**EXERCISE OBJECTIVE:** The full listing is to be returned exactly as given, but without pictures.

**DATA SHOWN:**
--- START ---
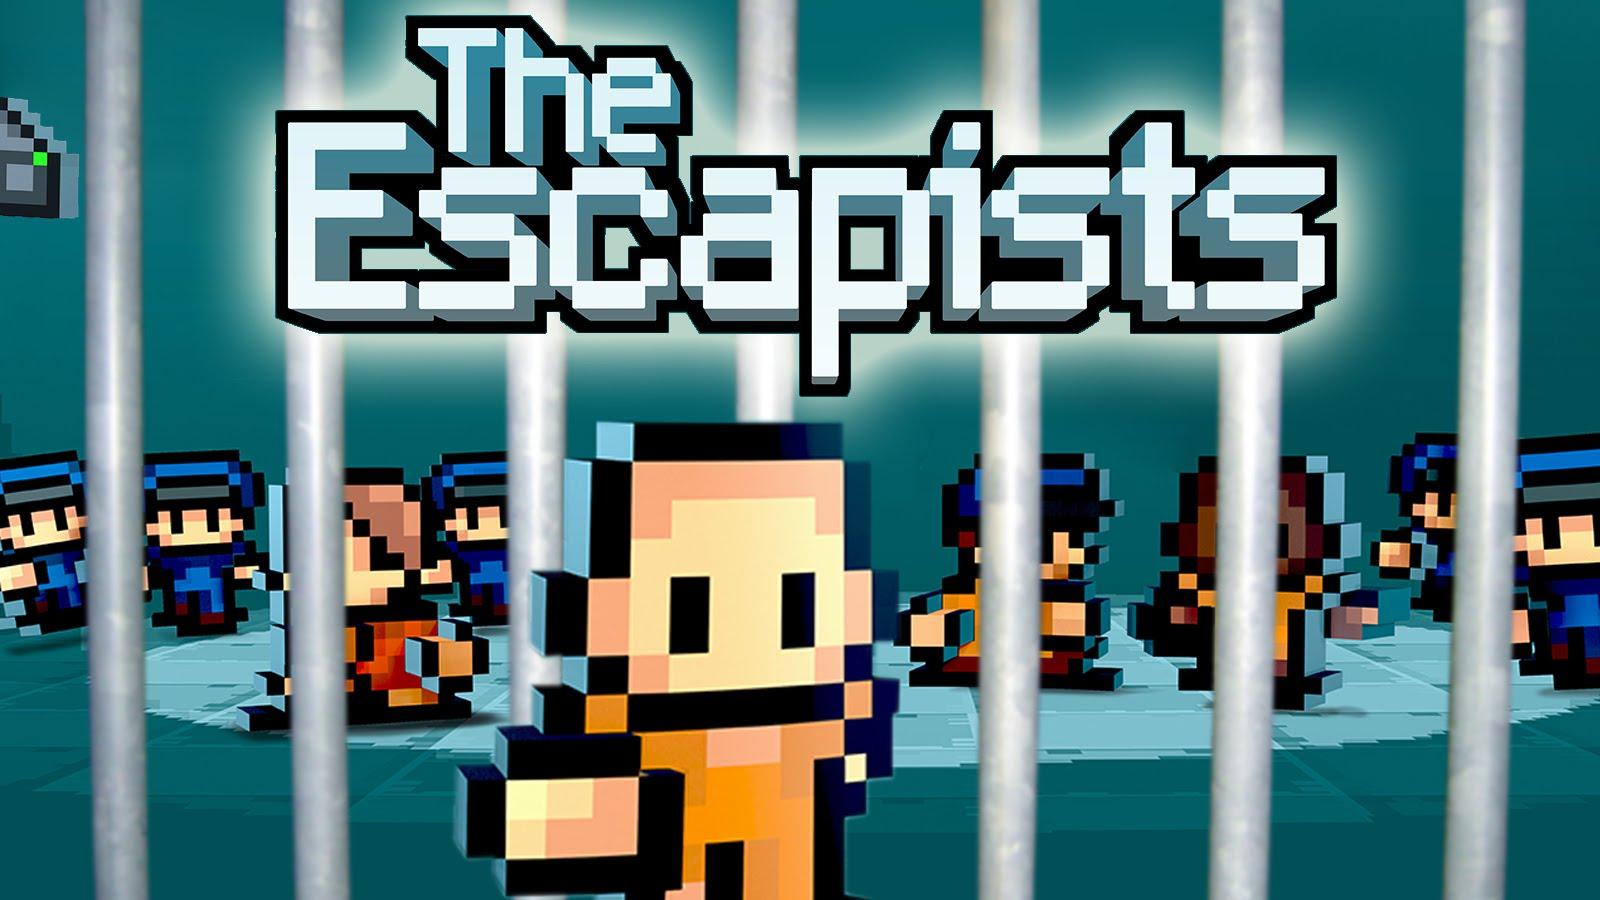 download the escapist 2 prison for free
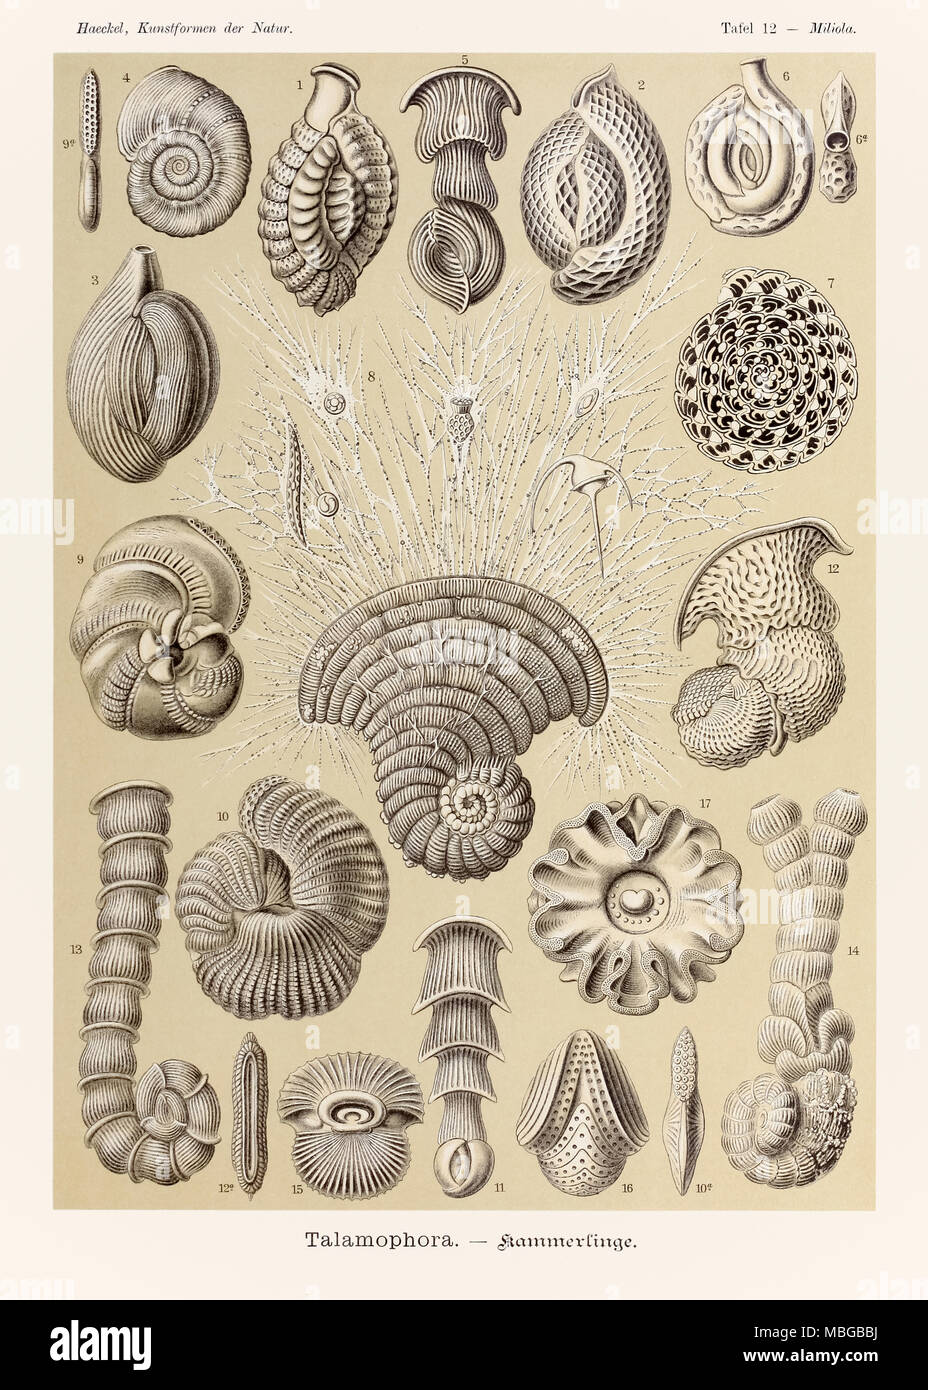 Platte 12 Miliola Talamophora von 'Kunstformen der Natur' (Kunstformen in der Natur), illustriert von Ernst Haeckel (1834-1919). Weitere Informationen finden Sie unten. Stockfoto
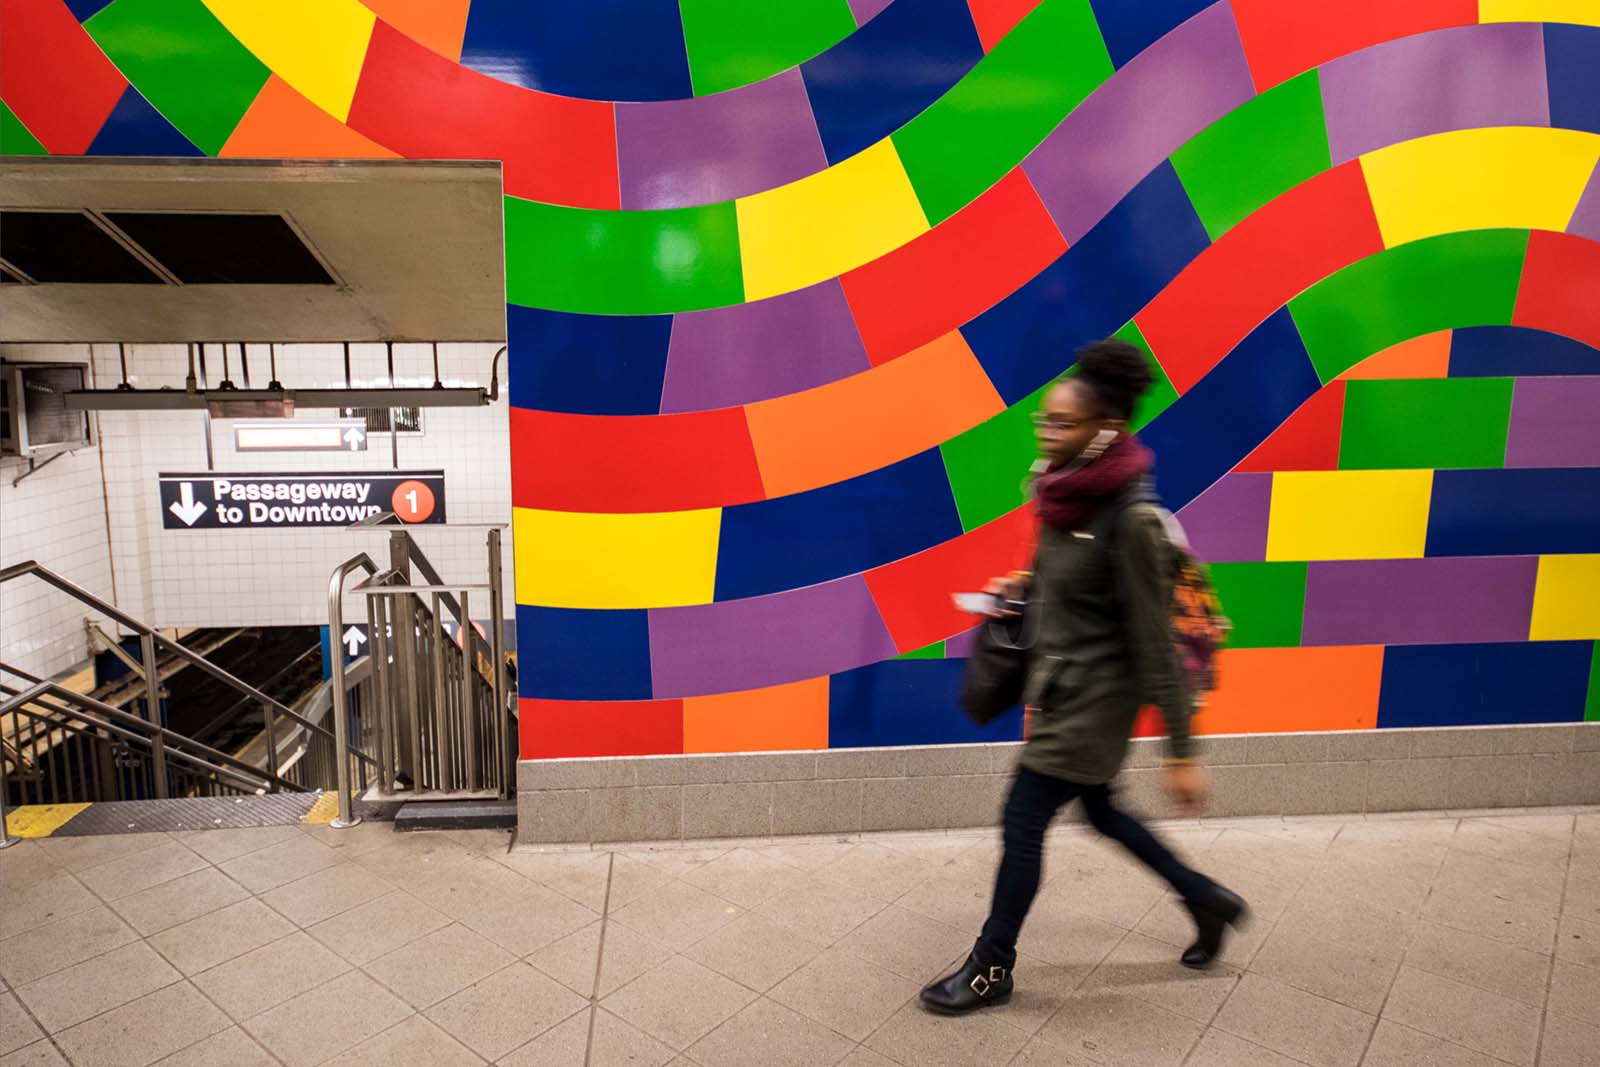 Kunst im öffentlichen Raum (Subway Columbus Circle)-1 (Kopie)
--- END ---
**OUTPUT BELOW:**
 download the escapist 2 prison for free
 Platte 12 Miliola Talamophora von 'Kunstformen der Natur' (Kunstformen in der Natur), illustriert von Ernst Haeckel (1834-1919). Weitere Informationen finden Sie unten. Stockfoto
 Kunst im öffentlichen Raum (Subway Columbus Circle)-1 (Kopie)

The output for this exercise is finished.